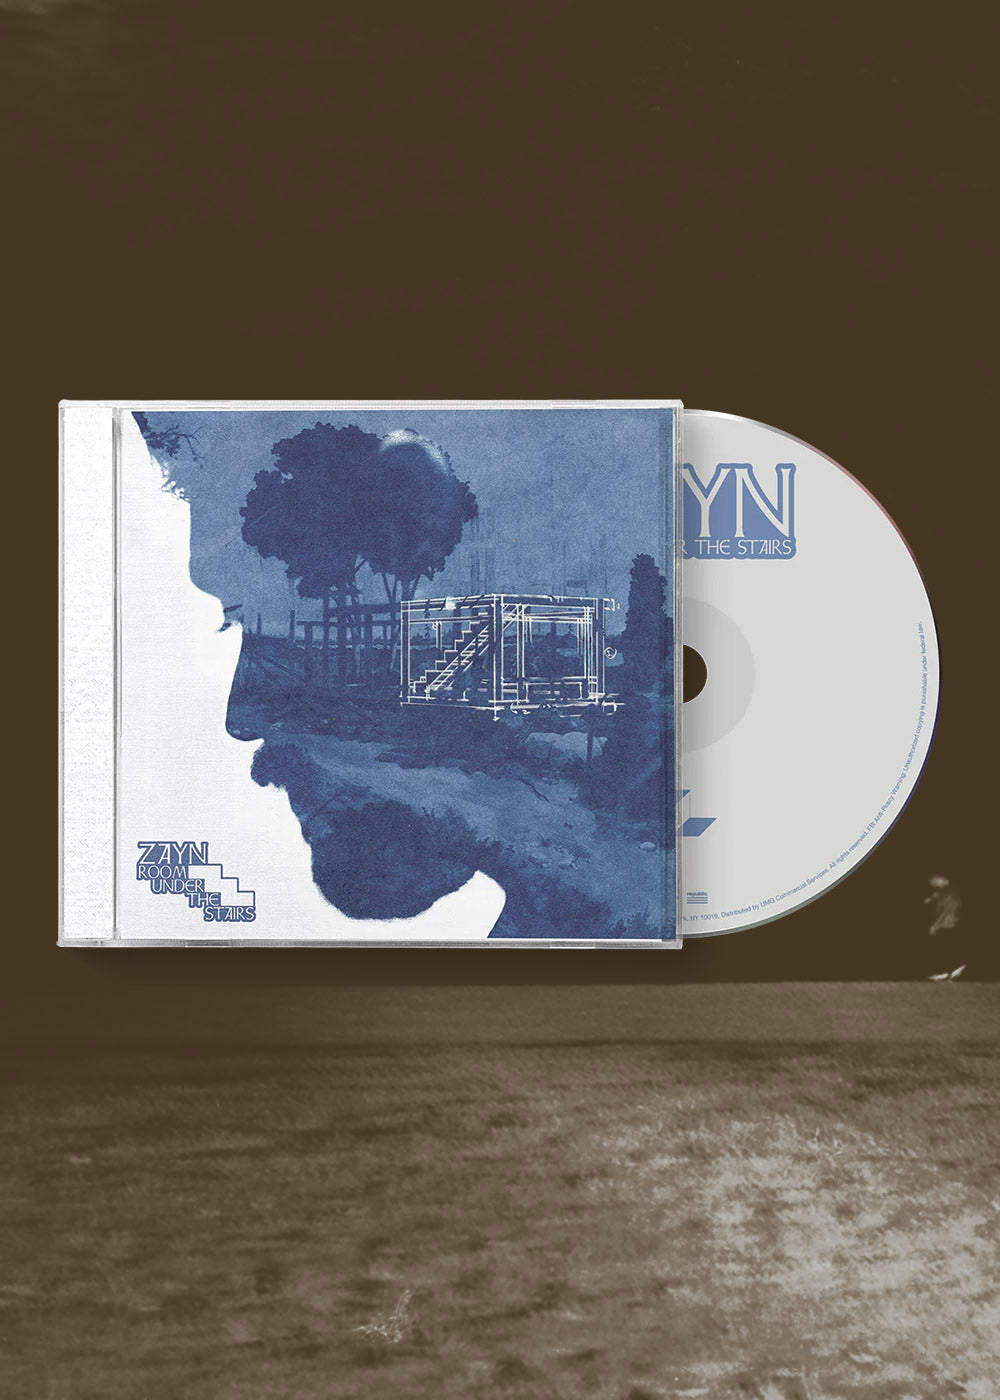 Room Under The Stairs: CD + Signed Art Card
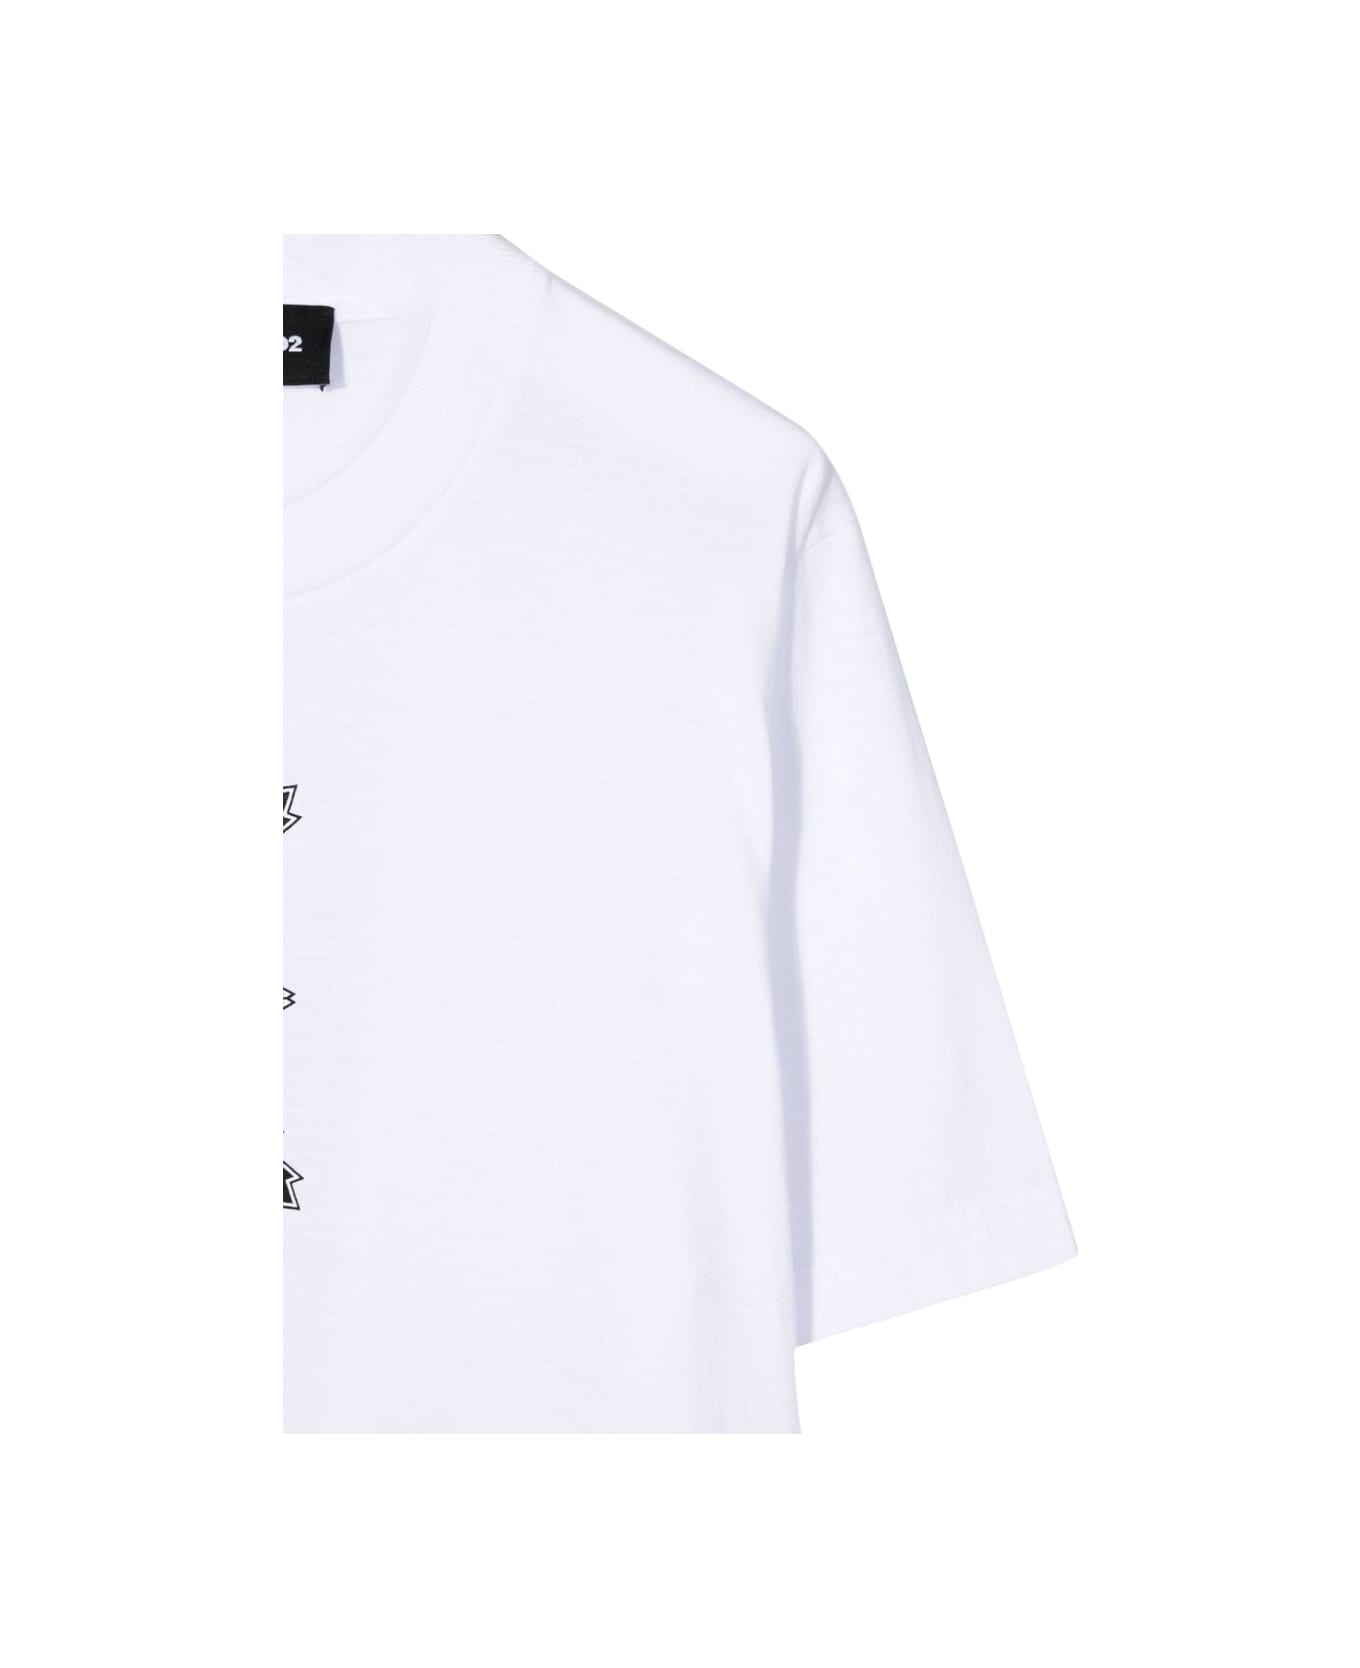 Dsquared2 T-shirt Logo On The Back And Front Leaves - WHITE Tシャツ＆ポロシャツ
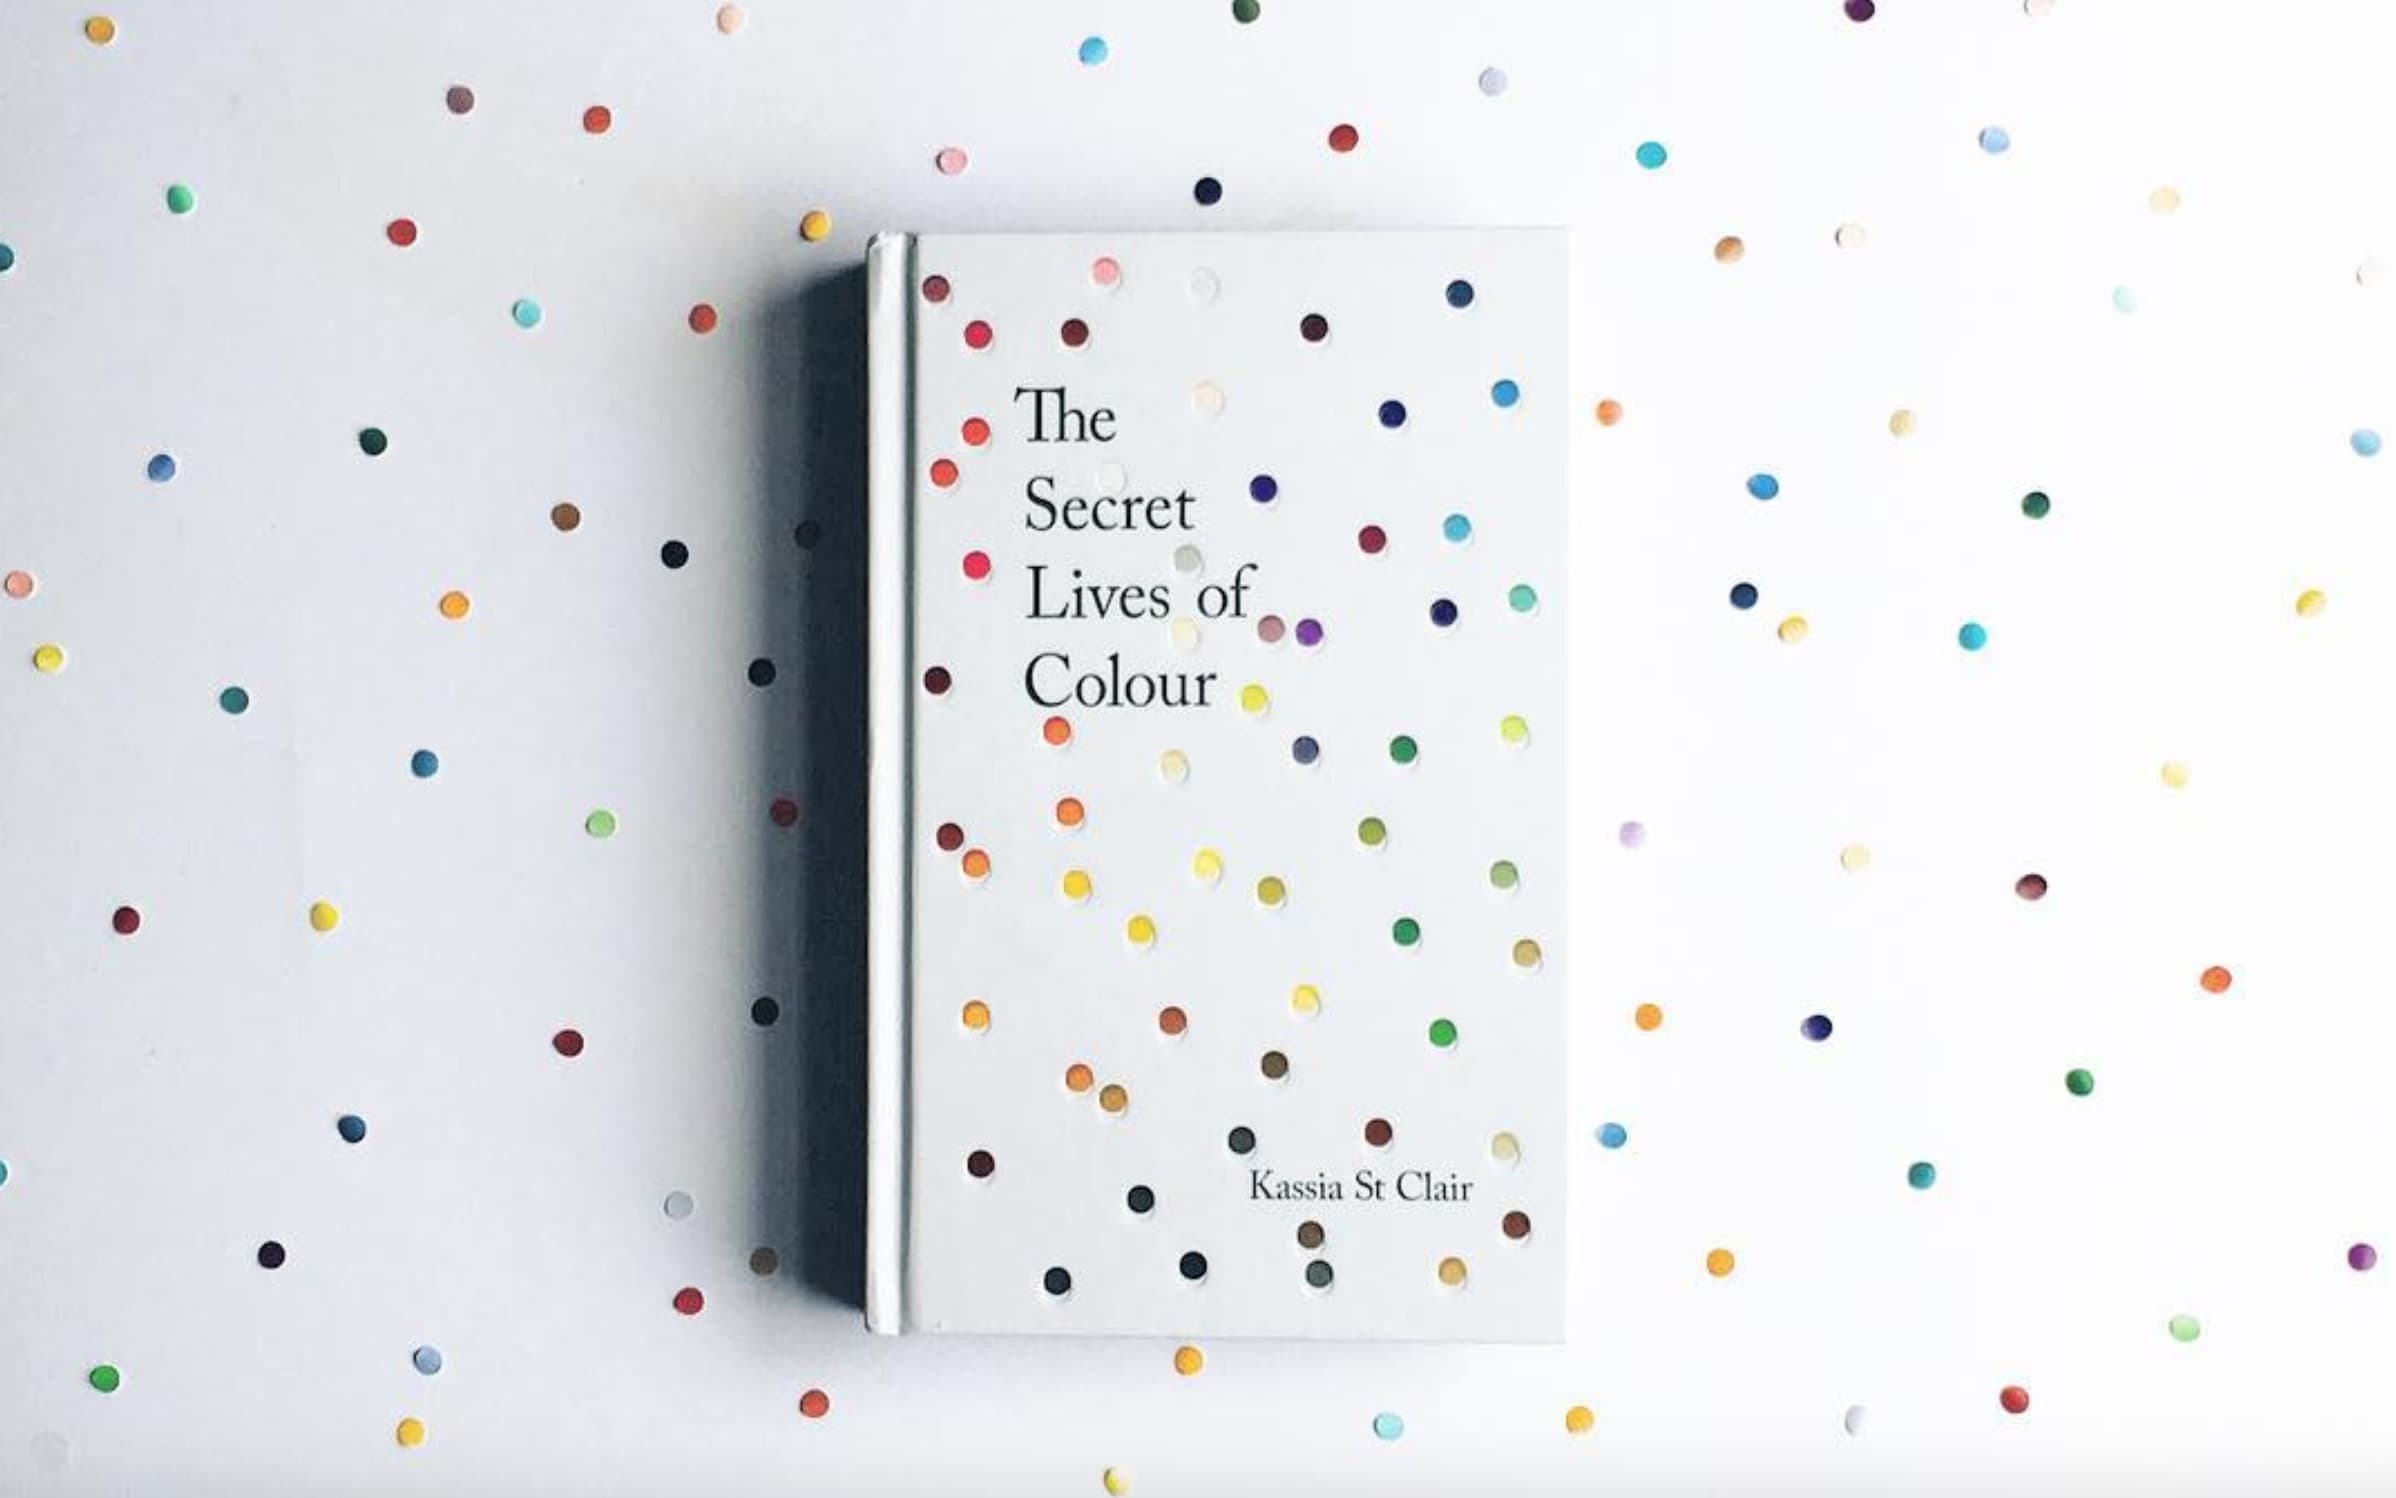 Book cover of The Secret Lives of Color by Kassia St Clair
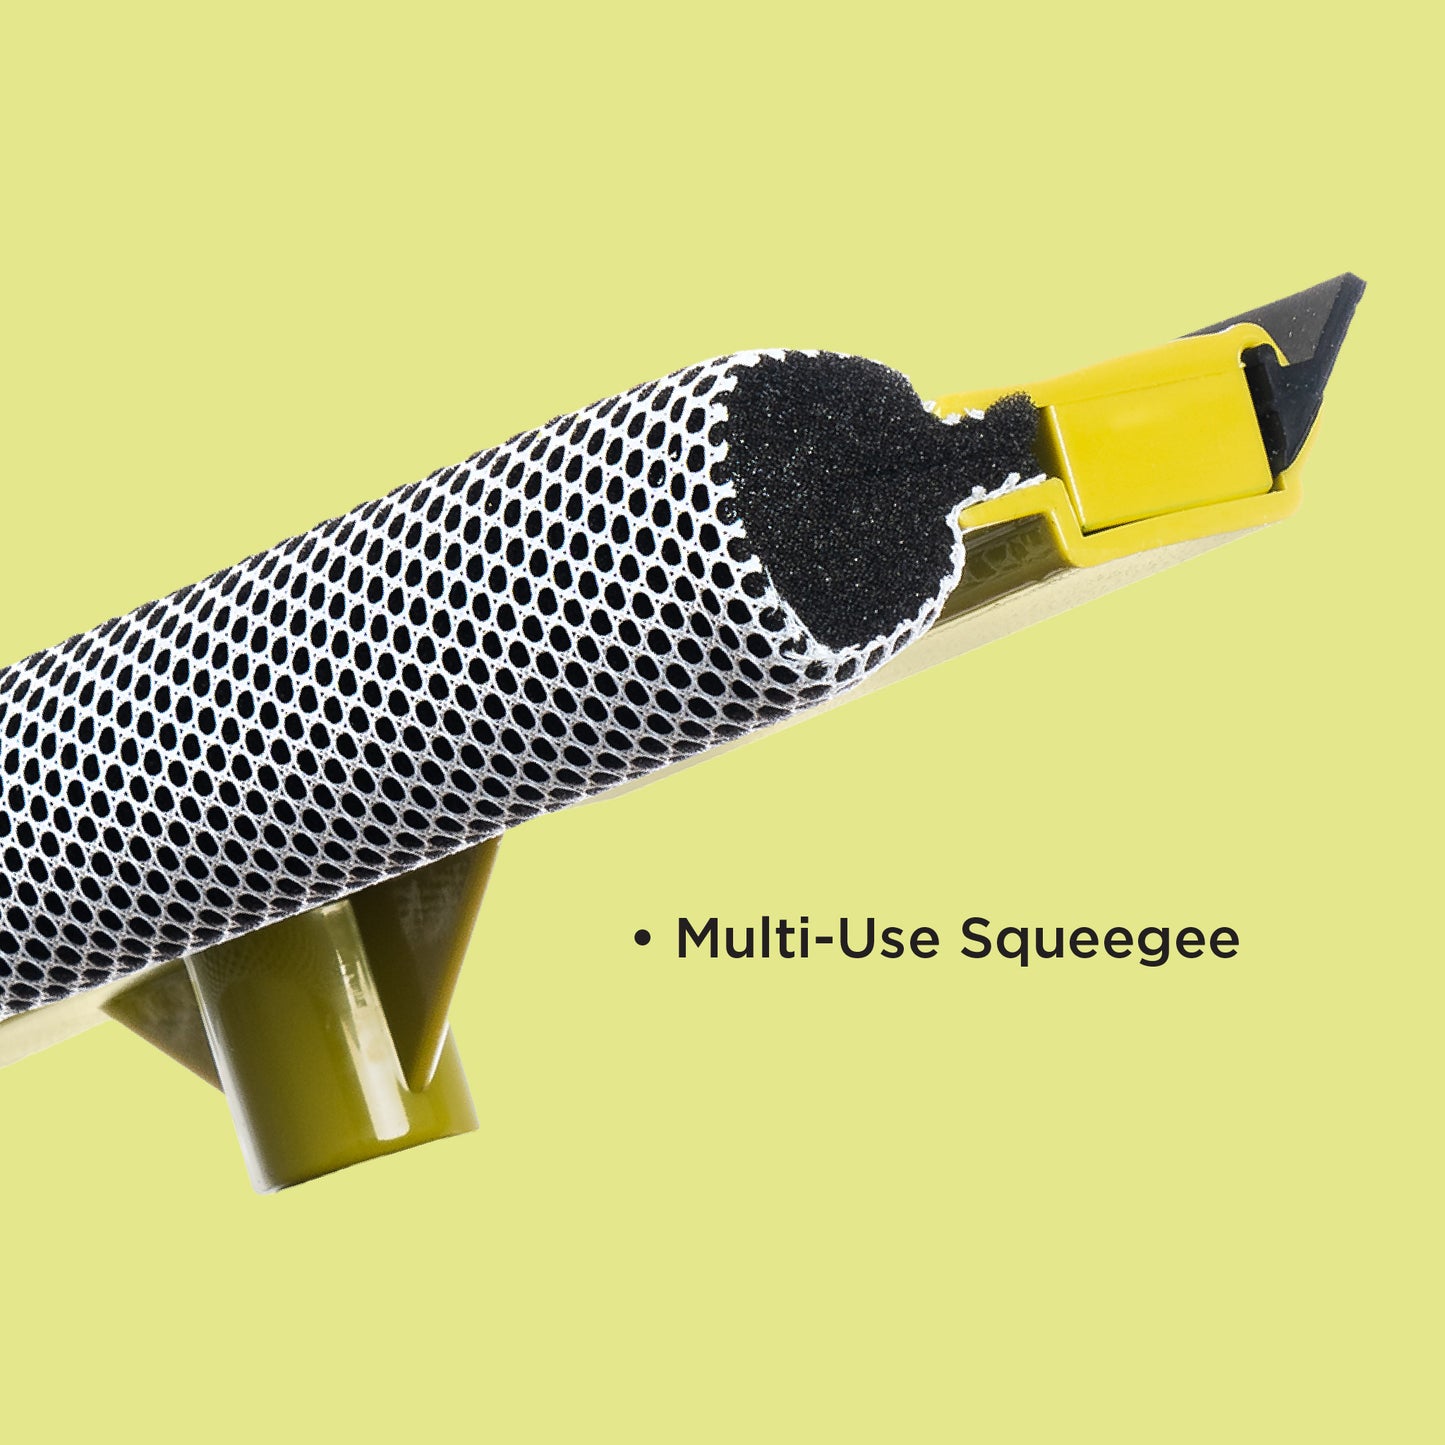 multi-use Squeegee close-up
────
### REQUIRED ACTION
Pictures stay out. Return exactly the lines from the one with "Dsquared2 T-shirt Logo" through the last line of the data.

### EXERCISE OUTPUT
 Dsquared2 T-shirt Logo On The Back And Front Leaves - WHITE Tシャツ＆ポロシャツ
 Book cover of The Secret Lives of Color by Kassia St Clair
 multi-use Squeegee close-up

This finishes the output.